Task objective
Omit any pictures, and restate word for word only the lines from the one with "Jeesus Rio - Tapetti - Lastenhuone" through the end of the data below.

--- Source material ---

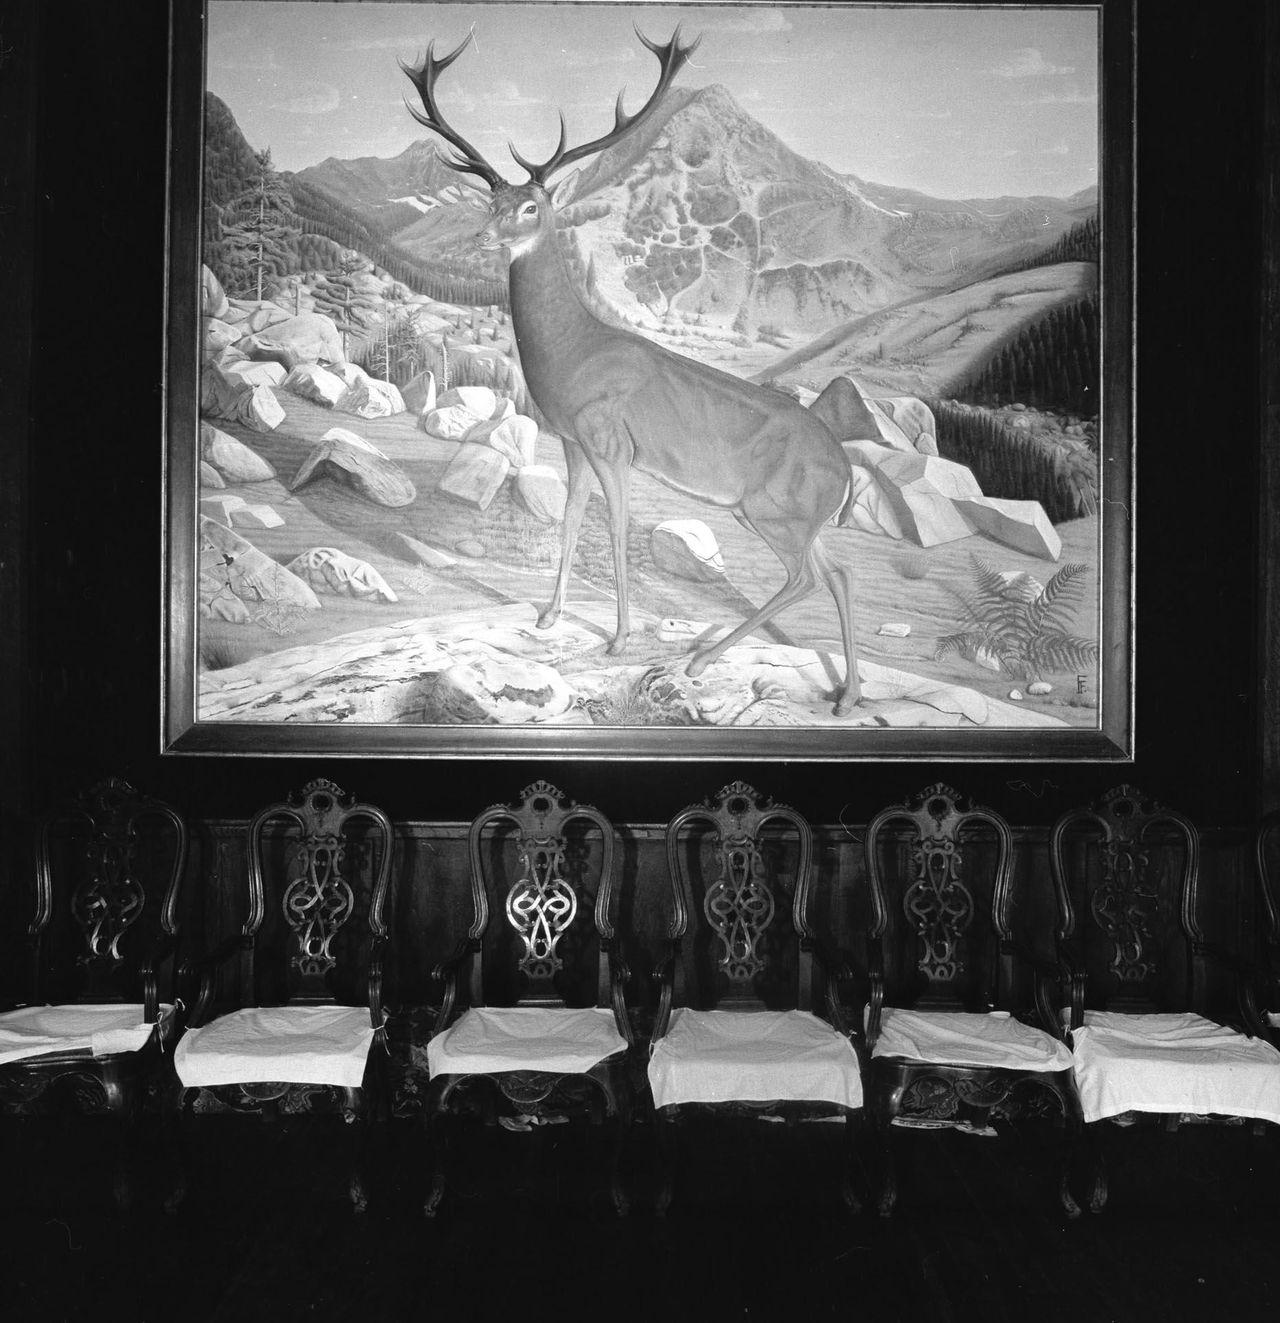 Fotografía de 1961 en la que se ve un juego de sillas de brazos de madera con arabescos y asientos de cuerda debajo de un cuadro de gran formato pintado, según algunas fuentes, por Franco. Patrimonio catalogó decenas de cabezas de ciervo, corzo y otros ejemplares abatidos por el dictador
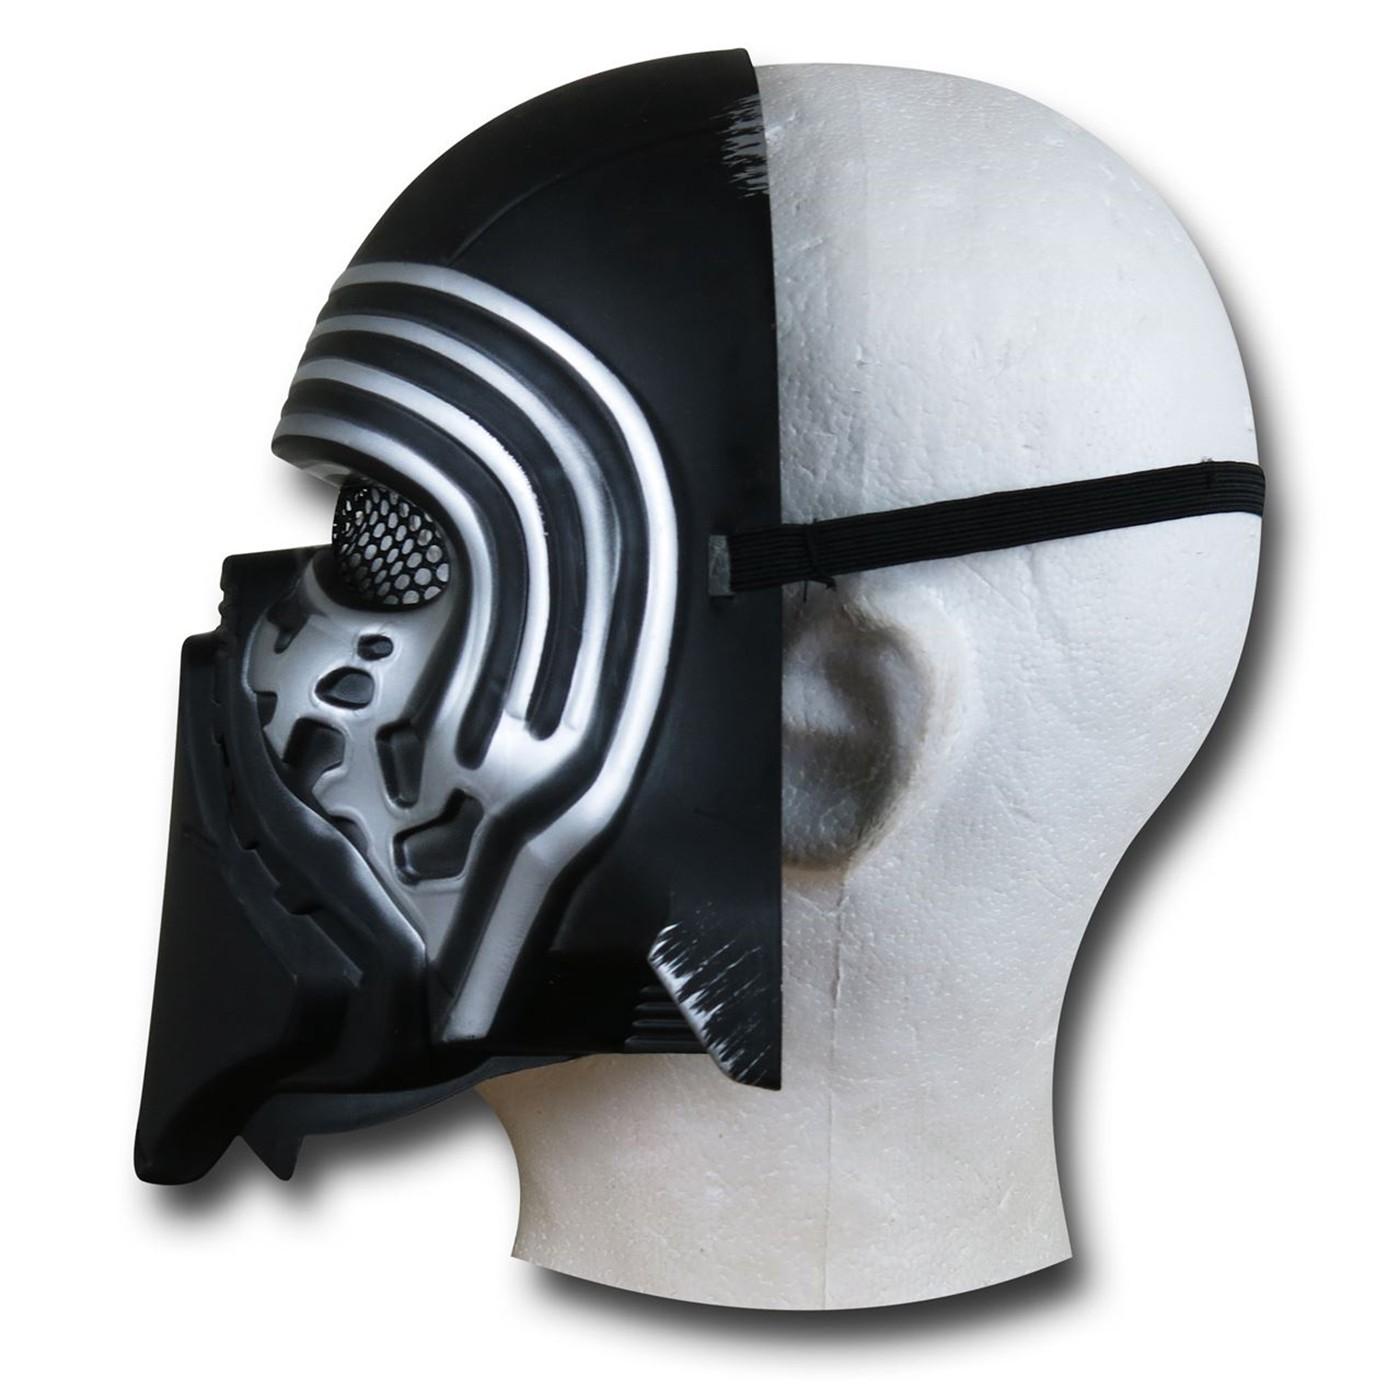 Star Wars Force Awakens Kylo Ren Mask
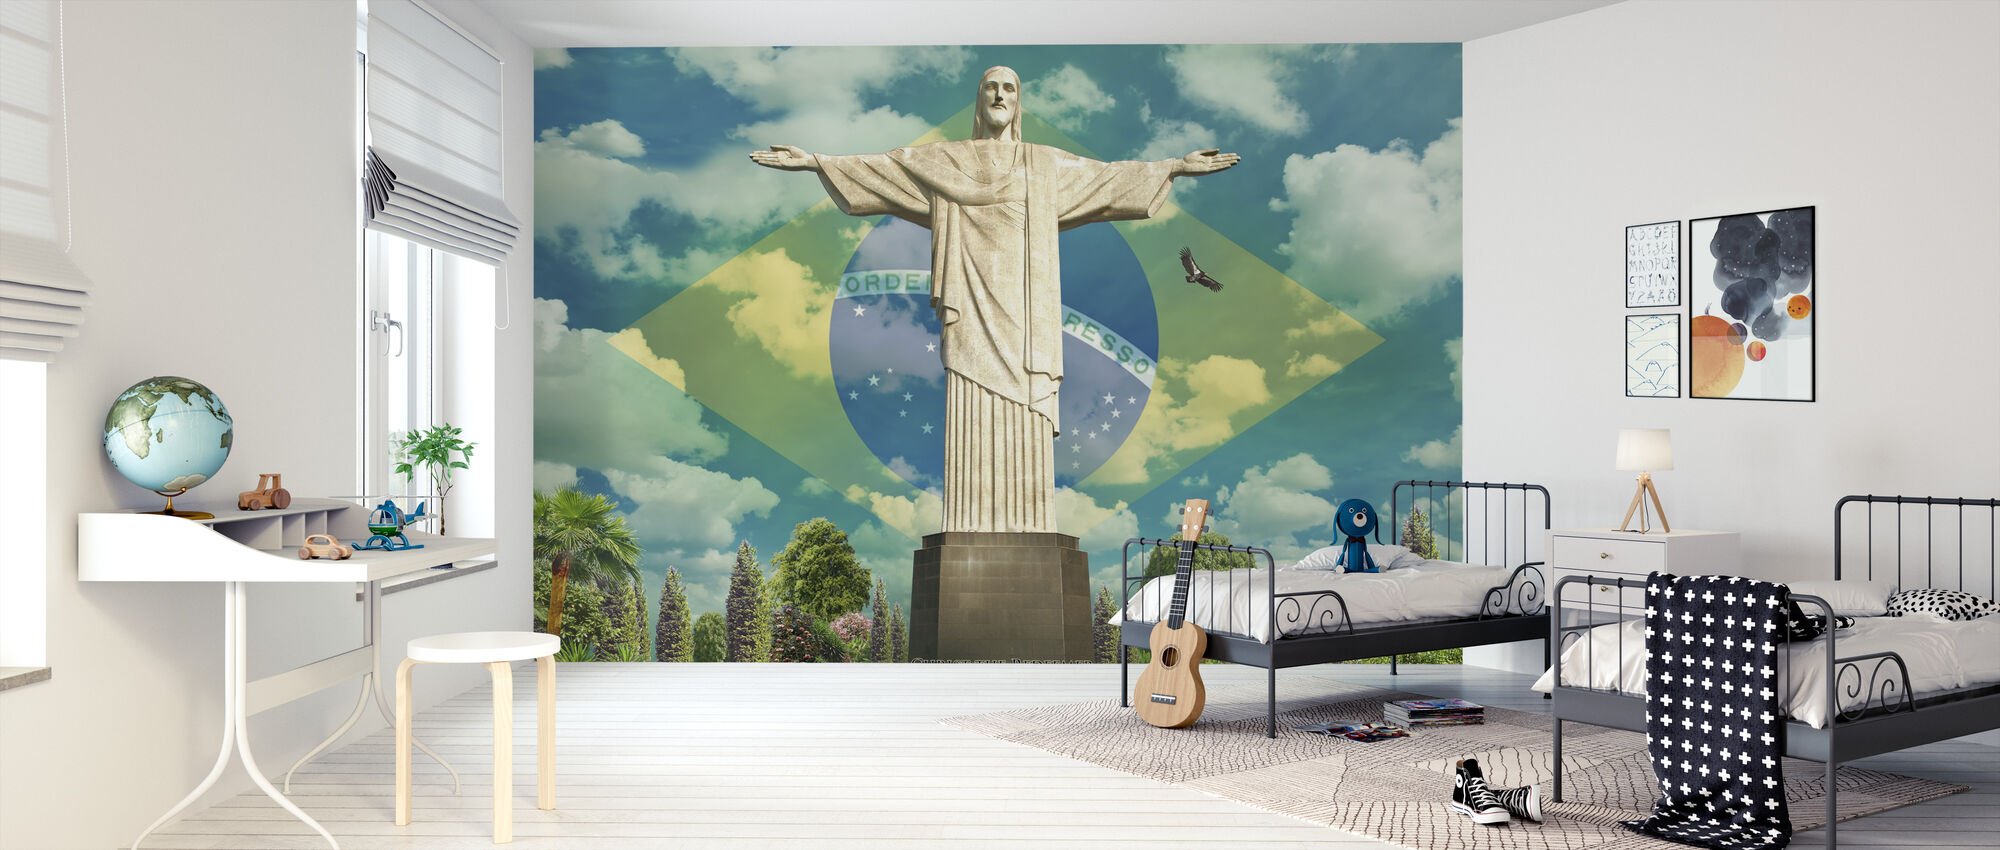 Jeesus Rio - Tapetti - Lastenhuone
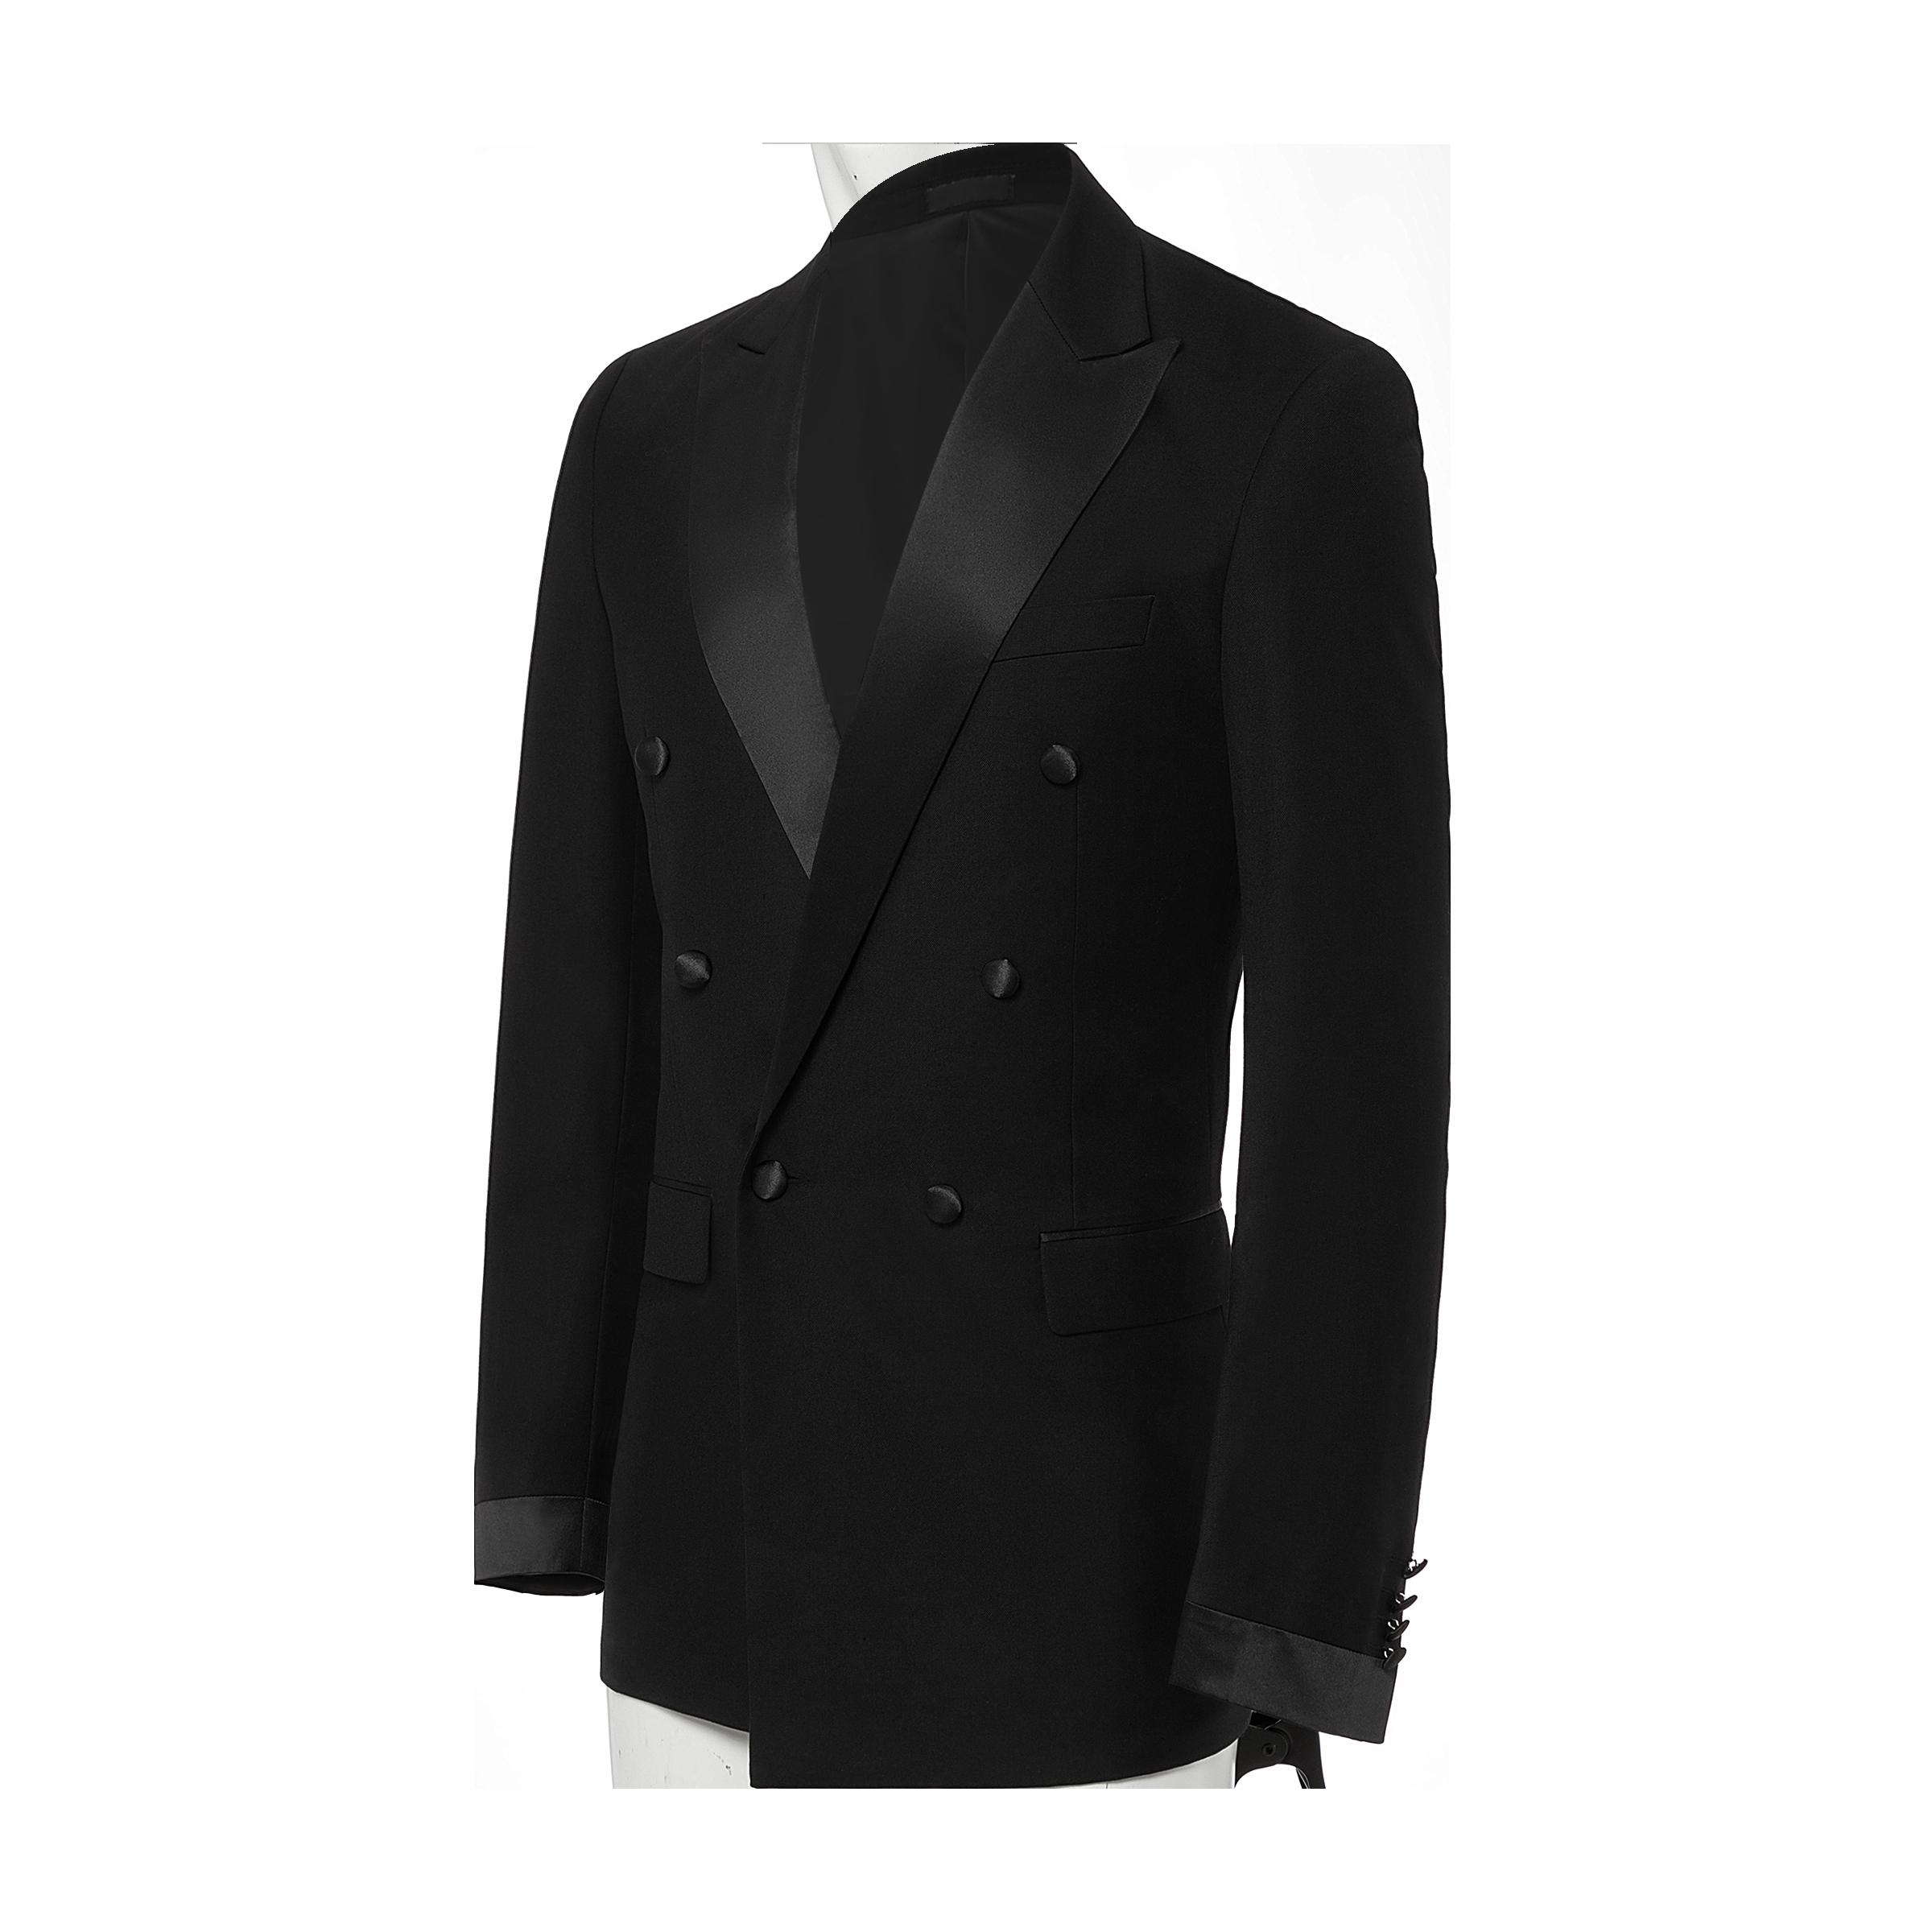 Jackets product image

---

Answer
 Jeesus Rio - Tapetti - Lastenhuone
 Jackets product image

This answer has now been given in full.